Never understands

When mom and me confronted with each other on other day (21/1/18),

She asked me.

"Why are you keeping those negatives vibes in yourself?" , "Why dont you push or dodge it away?"

Because I dont mind keeping it by myself. I dont want others to get hurt. "What if they get hurt and become like I did right now?"

"Why you need to cares for others feelings?"

I shut my mouth. I already have the answer. Ready to spit it out but-- I can't.

Why you need to cares for others feelings?

I recalls her questions again. It scared me a lot. My mind trying hard to tell me that she isnt even trying to understand me by questioning every things I did. (Well she's always been like that.)

I dont know why she's asked me that questions. Is she didn't even aware her own questions like I did? I mean, I got the point. All of you are my family. Of course I need to take care of your feeling. I'm not letting any negatives or bad things throw it up to you even it is just a word. I'm trying to protect you from my own self!

I can spotted that.. She thinks that "word is just a word. Nothing more than that."

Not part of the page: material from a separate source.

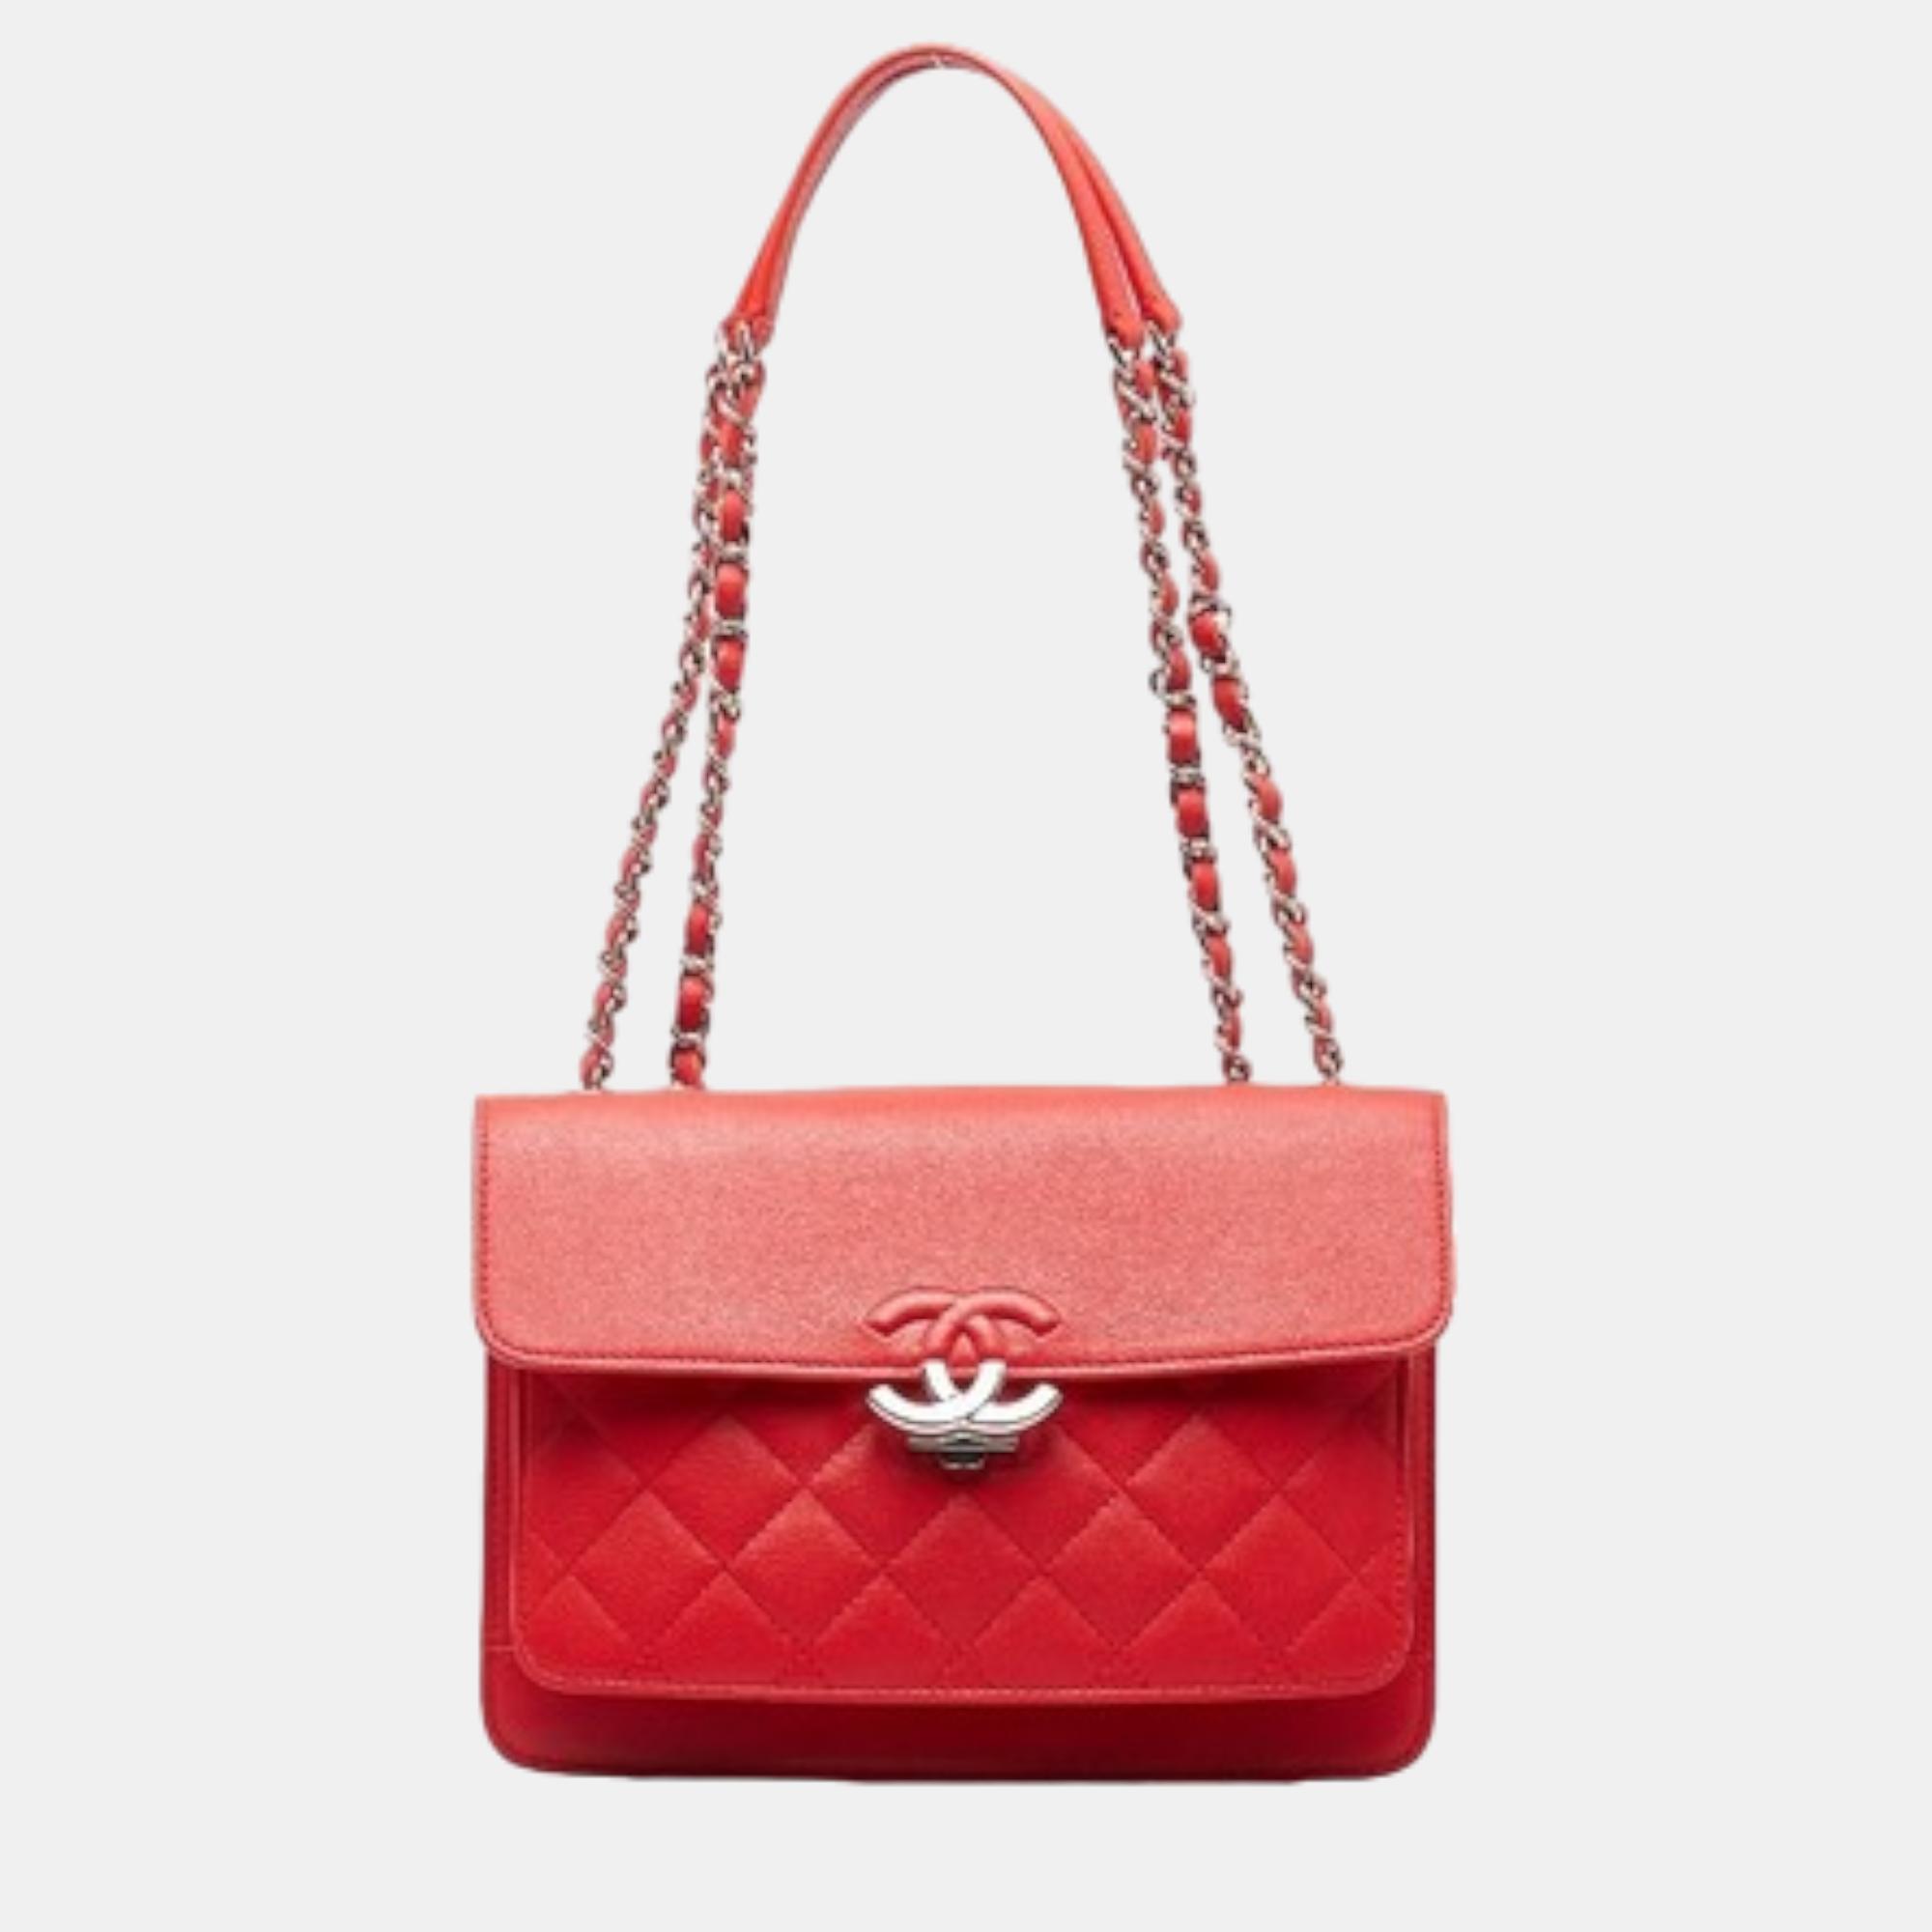 Chanel red cc box flap bag quilted calfskin small shoulder bag

Compared to me. I swallowed every word, processing it, filtering any deep meaning behind of it and keeping it by myself.
But now I can no longer keep the happy one.

Because I'm afraid if I let everything out, everyone would be hurt so much, like you did to us. You're the one who said that I'm not even a good daughter to you. Never bring any happiness or good moment to you.

"Why??" She asked the same questions again. Waiting an answers from me

I shut my mouth.

"You should do it like me. Push and dodge the negatives vibes that your father always throw it to me."

"And then? Just say whatever you want without think of others feeling?"

"Yeah!", "That's how it works!"

Speechless. My heart crushed so hard after heard her answers. I'm no longer believe that she can help me nor giving me any comfort.

I can't.  I cant even follow her way of suggestions. I rather die. Because I know It will eat me alive slowly

I believe, dad who are the one who cant even manages his negative vibes and throw it to mom and mom dodge it and take it out on us.

I barely have any good or happy memories to cherish to.  Its all gone.
I keep recalled every negatives memories wherever I go. Its like the negatives vibes shrinking my brains day by day. I wish I could stop thinking about it

She even said.
"You're the one who hardly to taken care of among your siblings." (From the tones of her voices, I know that she's asking me to not to create anymore trouble for her and dad anymore because she has so much enough troubles)

Its not like I purposely create it and bring troubles to everyone. I dont even know it exists.

I keep thinking. Should I apologize when I already keep apologized to myself thousand times after all this time. All of our conversations, I couldnt find any of her words was on my side or make me feel at ease or could help me. Every each of it just pointed all of it like just my mistakes. None of it was hers.